Big Data/Analytics Zone is brought to you in partnership with:

I am a software architect working in service hosting area. I am interested and specialized in SaaS, Cloud computing and Parallel processing. Ricky is a DZone MVB and is not an employee of DZone and has posted 88 posts at DZone. You can read more from them at their website. View Full User Profile

What Hadoop is Good At

11.06.2009
| 16899 views |
  • submit to reddit

Hadoop is getting more popular these days. Lets look at what it is good at and what not.


The Map/Reduce Programming model

Map/Reduce offers a different programming model for handling concurrency than the traditional multi-thread model.

Multi-thread programming model allows multiple processing units (with different execution logic) to access the shared set of data. To maintain data integrity, each processing units co-ordinate their access to the shared data by using Locks, Semaphores. Problem such as "race condition", "deadlocks" can easily happen but hard to debug. This makes multi-thread programming difficult to write and hard to maintain. (Java provides a concurrent library package to ease the development of multi-thread programming)


Data-driven programming model feeds data into different processing units (with same or different execution logic). Execution is triggered by arrival of data. Since processing units can only access data piped to them, data sharing between processing units is prohibited upfront. Because of this, there is no need to co-ordinate access to data.

This doesn't mean there is no co-ordination for data access. We should think of the co-ordination is done explicitly by the graph. ie: by defining how the nodes (processing units) are connected to each other via data pipes.

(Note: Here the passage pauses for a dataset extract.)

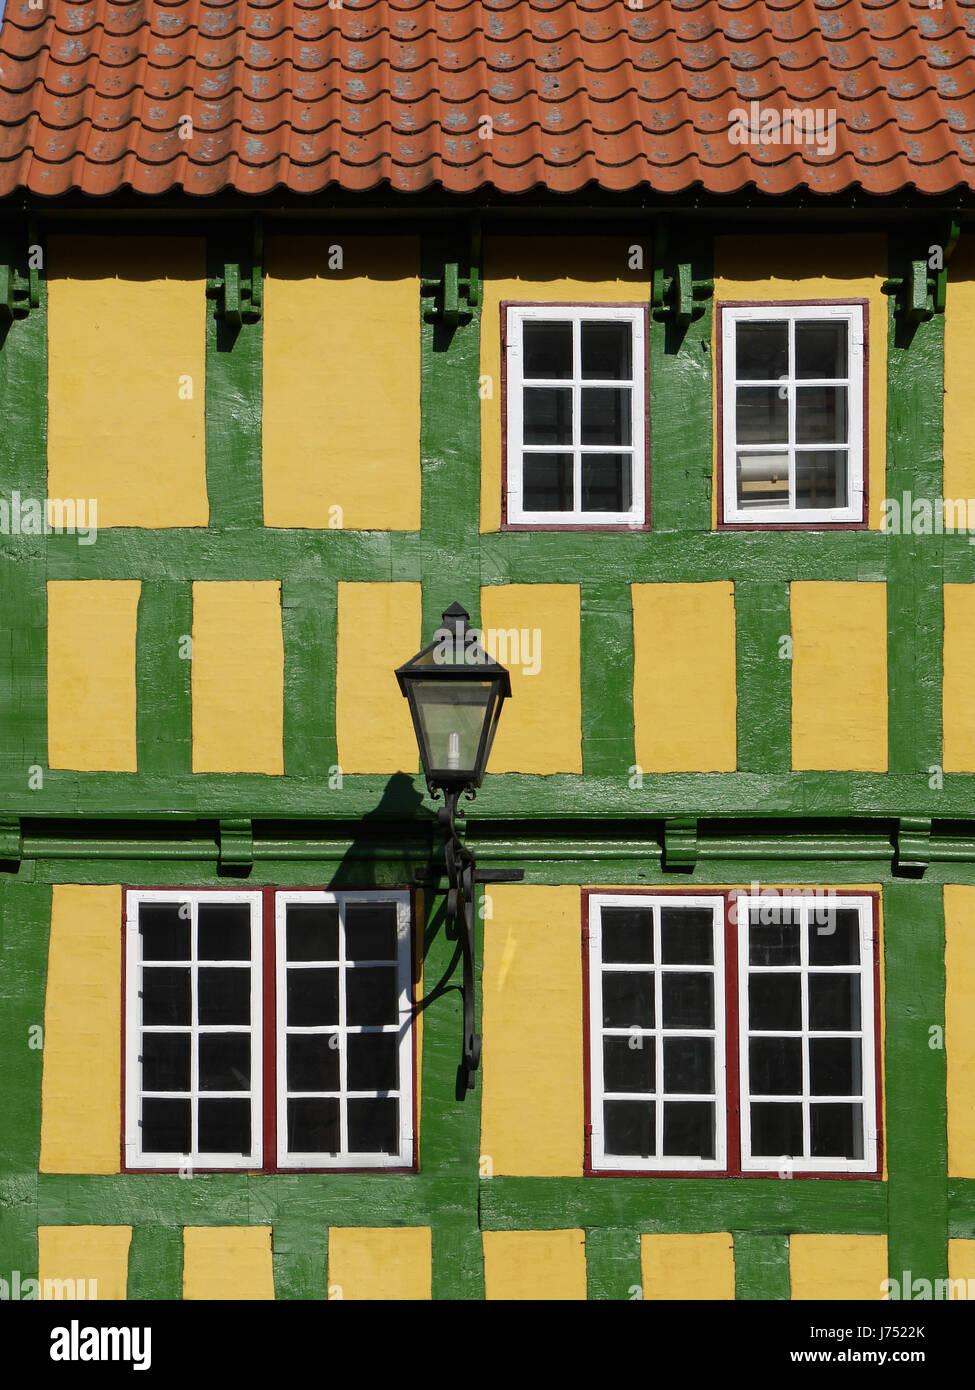 facade lantern old building restores house building historical green frame-work Stock Photo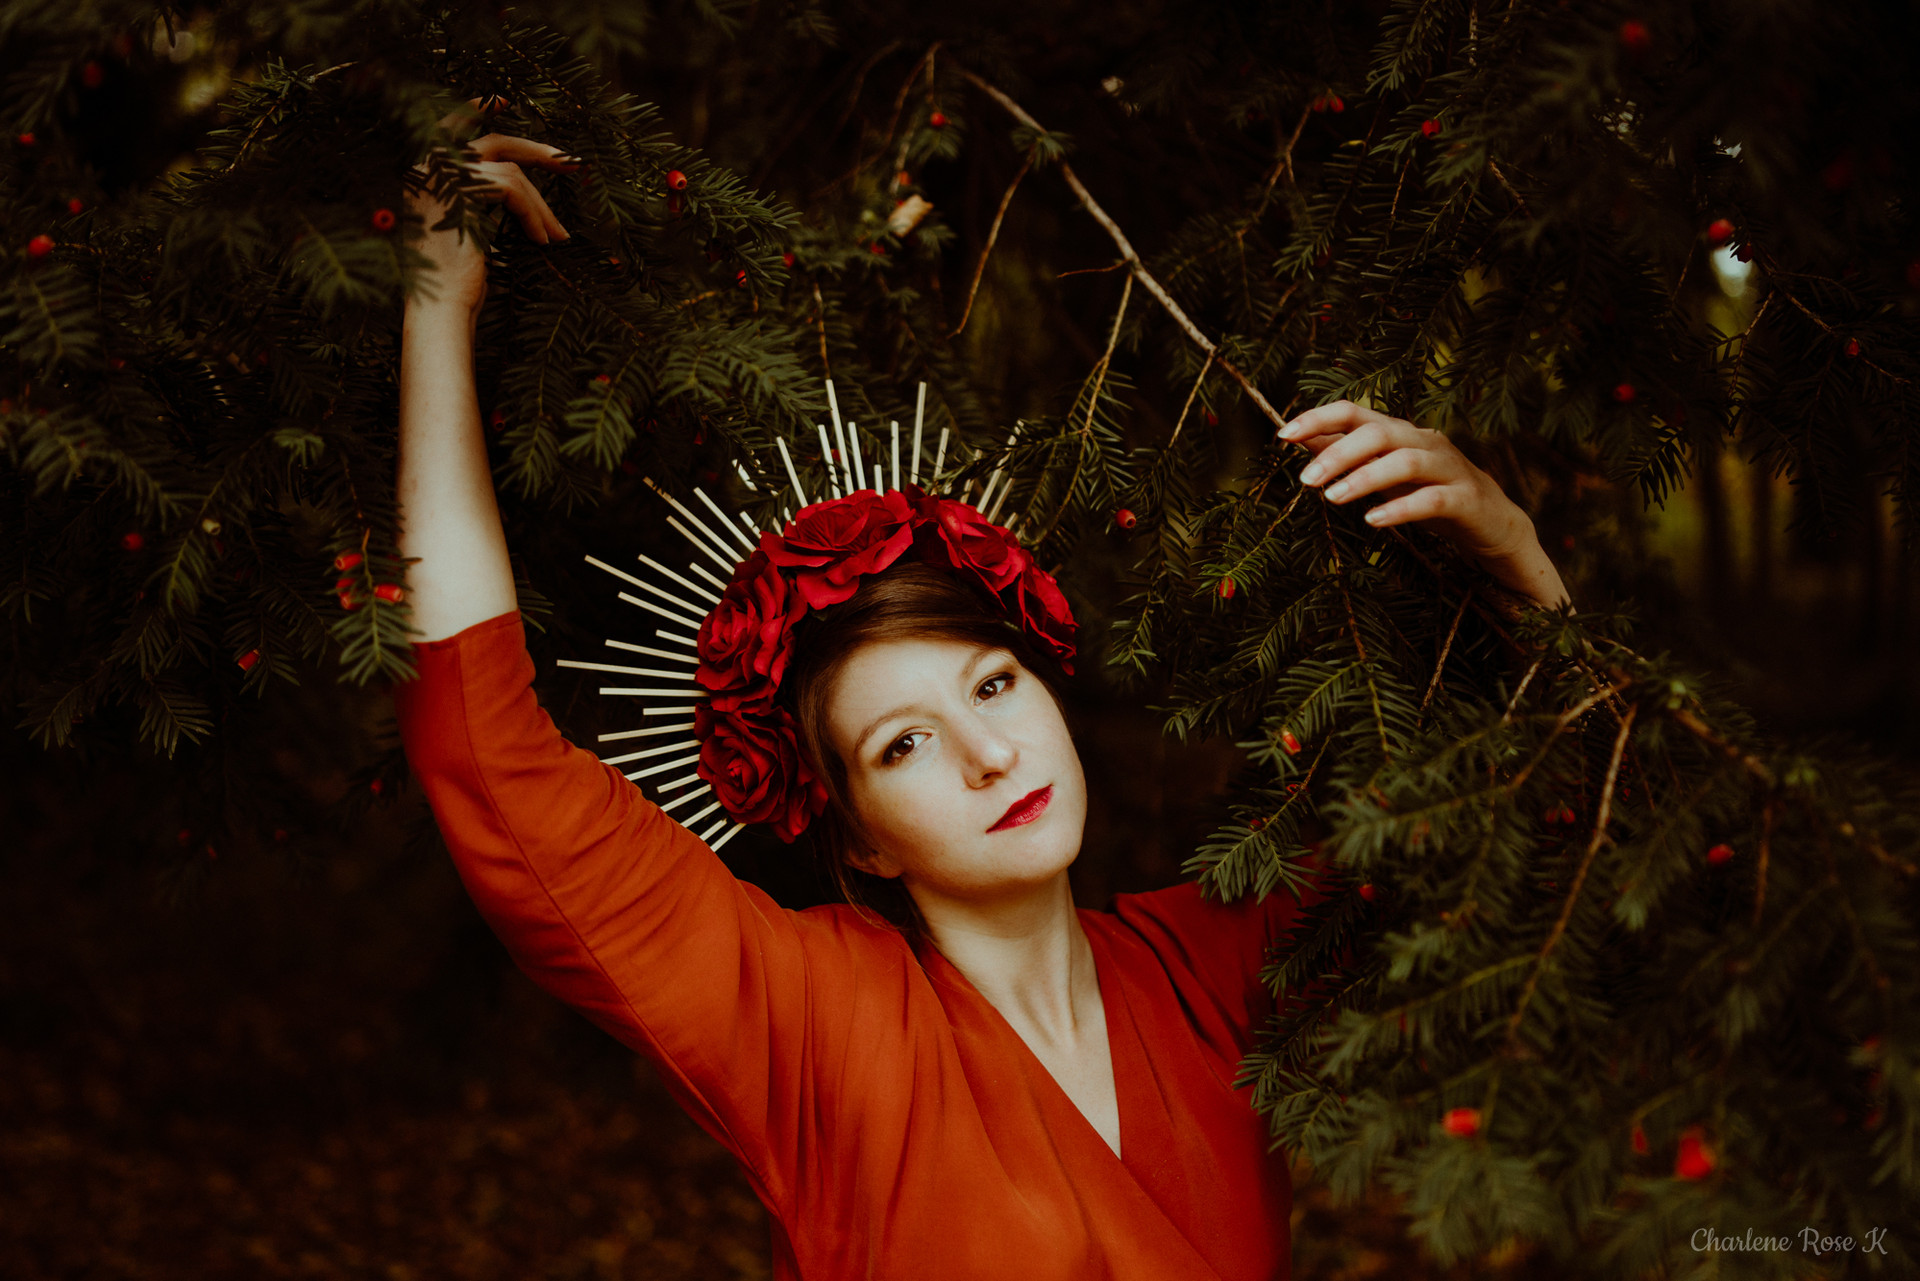 seance-photo-troyes-solo-femme-exterieur-automne-crk-12

Map-Reduce programming model is a specialized form of data-driven programming model where the graph is defined as a "sequential" list of MapReduce jobs. Within each Map/Reduce job, execution is broken down into a "map" phase and a "reduce" phase. In the map phase, each data split is processed and one or multiple output is produced with a key attached. This key is used to route the outputs (of the Map phase) to the second "reduce" phase, where data with the same key is collected and processed in an aggregated way.

Note that in a Map/Reduce model, parallelism happens only within a Job and execution between jobs are done in a sequential manner. As different jobs may access the same set of data, knowing that jobs is executed serially eliminate the needs of coordinating data access between jobs.

Design application to run in Hadoop is a matter of breaking down the algorithm in a number of sequential jobs and then exploit data parallelism within each job. Not all algorithms can fit in to the Map Reduce model. For a more general approach to break down an algorithm into parallel, please visit here.

Characteristics of Hadoop Processing

A detail explanation of Hadoop implementation can be found here. Basically Hadoop has the following characteristics ...

  • Hadoop is "data-parallel", but "process-sequential". Within a job, parallelism happens within a map phase and a reduce phase. But these two phases cannot be run in parallel, the reduce phase cannot be started until the map phase is fully completed.
  • All data being accessed by the map process need to be freezed (update cannot happen) until the whole job is completed. This means Hadoop processes data in chunks using a batch-oriented fashion, making it not very suitable for stream-based processing where data flows in continuously and immediate processing is needed.
  • Data communication happens via a distributed file system (HDFS). Latency is introduced as extensive network I/O is involved in moving data around (ie: Need to write 3 copies of data synchronously). This latency is not an issue for batch-oriented processing where throughput is the primary factor. But this means Hadoop is not suitable for online access where low latency is critical.

Given the above characteristics, Hadoop is NOT good at the following ...

  • Perform online data access where low latency is critical
  • Perform random ad/hoc processing of a small subset of data within a large data set
  • Perform real-time, stream-based processing where data is arrived continuously and immediate processing is needed.

From http://horicky.blogspot.com

Published at DZone with permission of Ricky Ho, author and DZone MVB.

(Note: Opinions expressed in this article and its replies are the opinions of their respective authors and not those of DZone, Inc.)

Comments

Geertjan Wielenga replied on Fri, 2009/11/06 - 7:04am

FYI, there's also Karmasphere Studio for Hadoop: http://www.hadoopstudio.org/

Dhaval Nagar replied on Sat, 2009/11/07 - 5:02pm

very simple explanation of very complex subject. good article.

Joay Sim replied on Sun, 2013/02/17 - 1:41am

Enclavia Website

 Great survey, I'm sure you're getting a great response.

      

Ron Sim replied on Wed, 2013/02/27 - 7:44am in response to: Geertjan Wielenga

 Wonderful illustrated information. I thank you about that. No doubt it will be very useful for my future projects. Would like to see some other posts on the same subject!

             teeth implants uk

Vijay Bhaskar replied on Sun, 2013/10/13 - 4:28am

Sometimes I observed that the reduce jobs starts after 96% completions of map jobs. However the reduce jobs should start only after the completion of map jobs. Can you please let me know in which cases the reduce jobs starts before the completion of map jobs.

It jobs

Comment viewing options

Select your preferred way to display the comments and click "Save settings" to activate your changes.